Apache Spark is an engine for large-scale data processing. To understand what Spark is, it’s helpful to understand the basics of Hadoop. Hadoop has two main components: the Hadoop Distributed File System (HDFS), which is the storage layer and MapReduce, which is the analytics and compute layer. Spark was developed as an alternative to MapReduce as an in-memory cluster processing platform that can deliver up to 100x faster response times compared to MapReduce for some applications. A key feature for Spark is that programs can load data into Spark’s cluster memory system and be queried repeatedly, making it an ideal platform for machine learning and artificial intelligence applications.

Kakfa

Kakfa is an Apache publish-subscribe messaging platform used in big data analytics programs.

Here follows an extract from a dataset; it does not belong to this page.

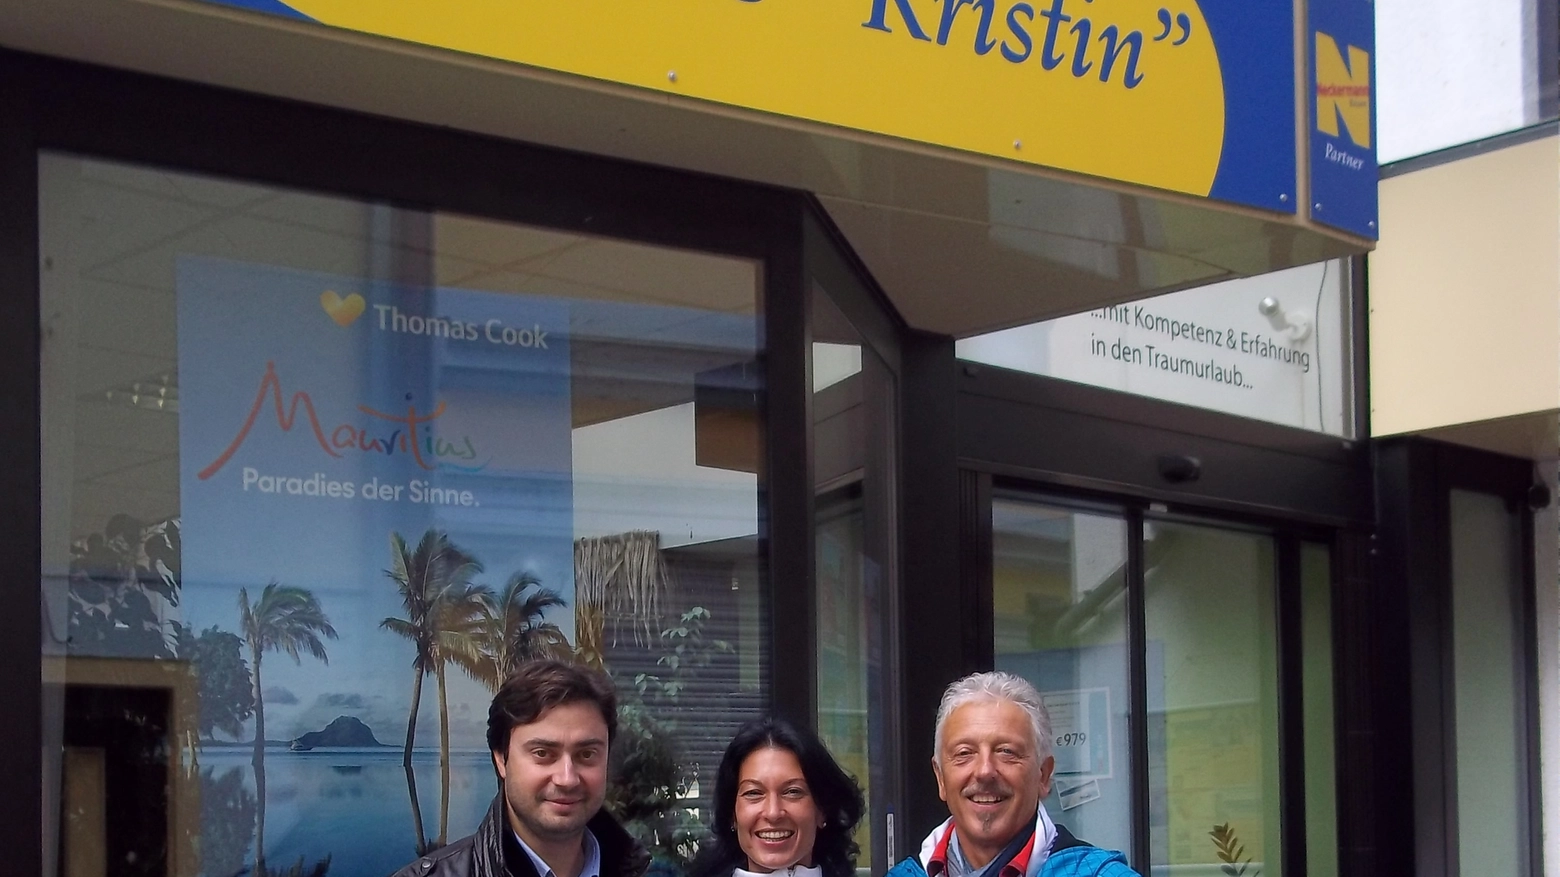 Nella foto l'assessore Gozzini con i rappresentanti del Tour Operator "Kristin"

Kakfa is meant to serve as the “central data backbone” for programs and can handle hundreds of reads and writes per second from thousands of clients. “Data streams are partitioned and spread over a cluster of machines to allow data streams larger than the capability of any single machine and to allow clusters of co-ordinated consumers,” according to the Apache Kafka description.

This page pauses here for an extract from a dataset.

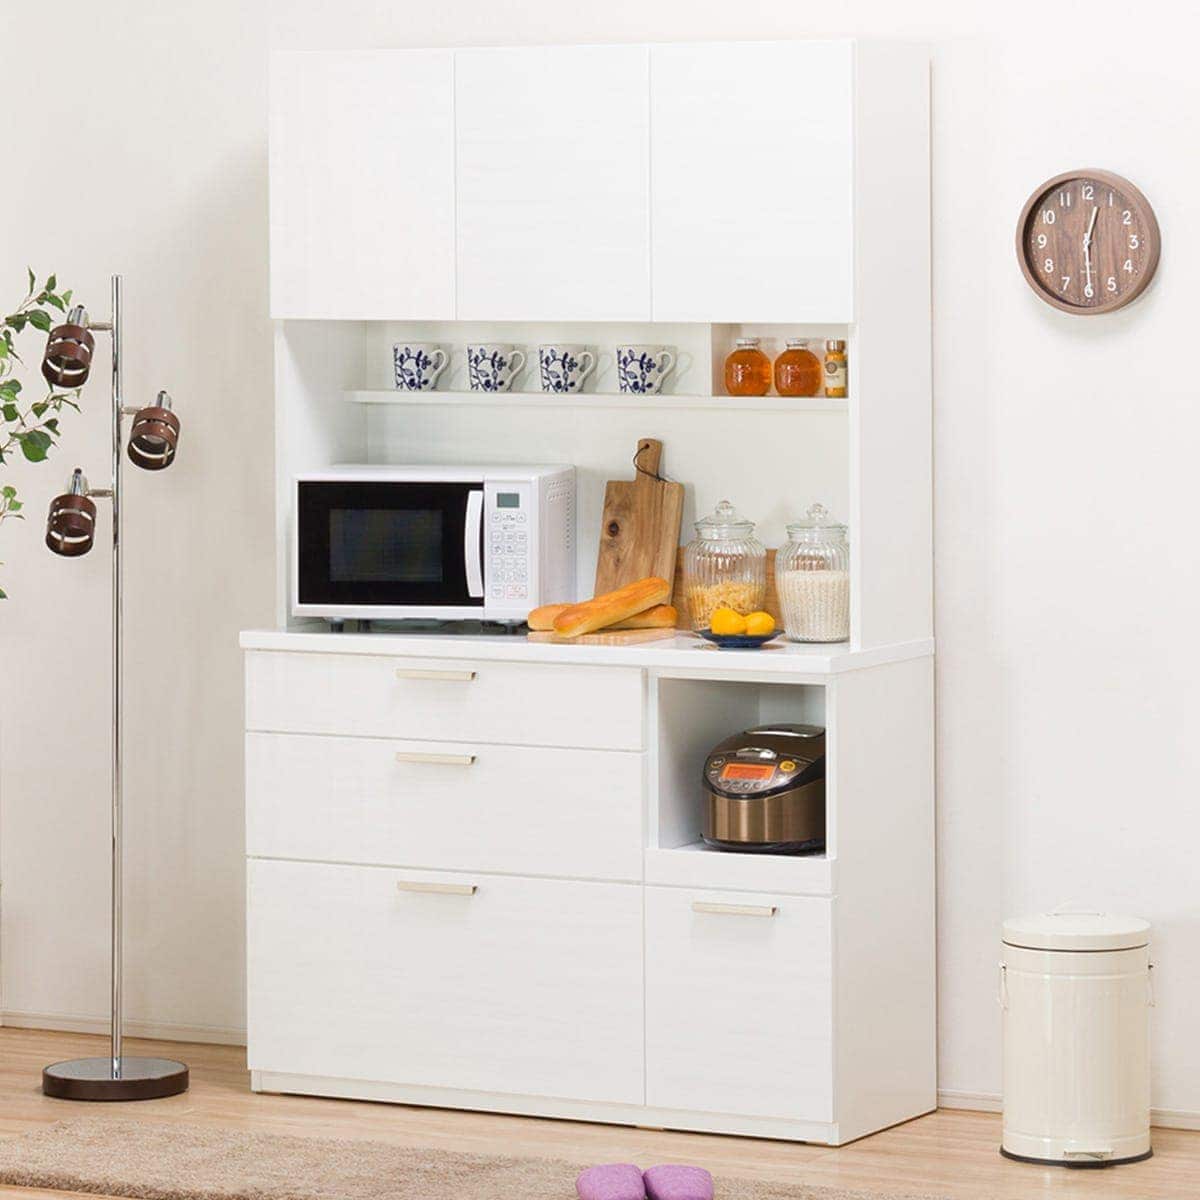 キッチンボード 白 | ニトリネット【公式】 家具・インテリア通販

Messages are persisted on disk and replicated within the cluster to prevent data loss. Each broker can handle terabytes of messages without performance impact, according to Apache.

Druid

While Cisco used Spark and Kafka for data processing and messaging, Tetration engineers also used Druid as a column-oriented distributed data storage system. “Druid provides low latency (real-time) data ingestion, flexible data exploration, and fast data aggregation,” according to Apache’s Druid description, noting that existing Druid deployments have scaled to managing trillions of events and petabytes of data.

Secret Sauce

While these were the major open source components Cisco used to create Tetration, the company also developed customized software to link it all together. “Some critical new components we wrote because there’s no equivalent in the open source domain or they have not been open sourced,” a Cisco spokesperson wrote in an email. The company indicated this was most of the case in the machine learning aspects of the product. “Naturally we need to keep private the smart algorithms where a lot of the magic and differentiation occur.”

Hardware components

Running all this software is a powerful combination of servers and switches. Cisco says Tetration comes with 36 1RU Cisco UCS C220 Rack Servers and three Cisco Nexus 9372PQ Switches to provide connectivity to the servers. Tetration uses smart memory and storage hierarchy management, along with DRAMs, flash storage and spinning disks to optimize the performance of real-time data and keep relevant existing data.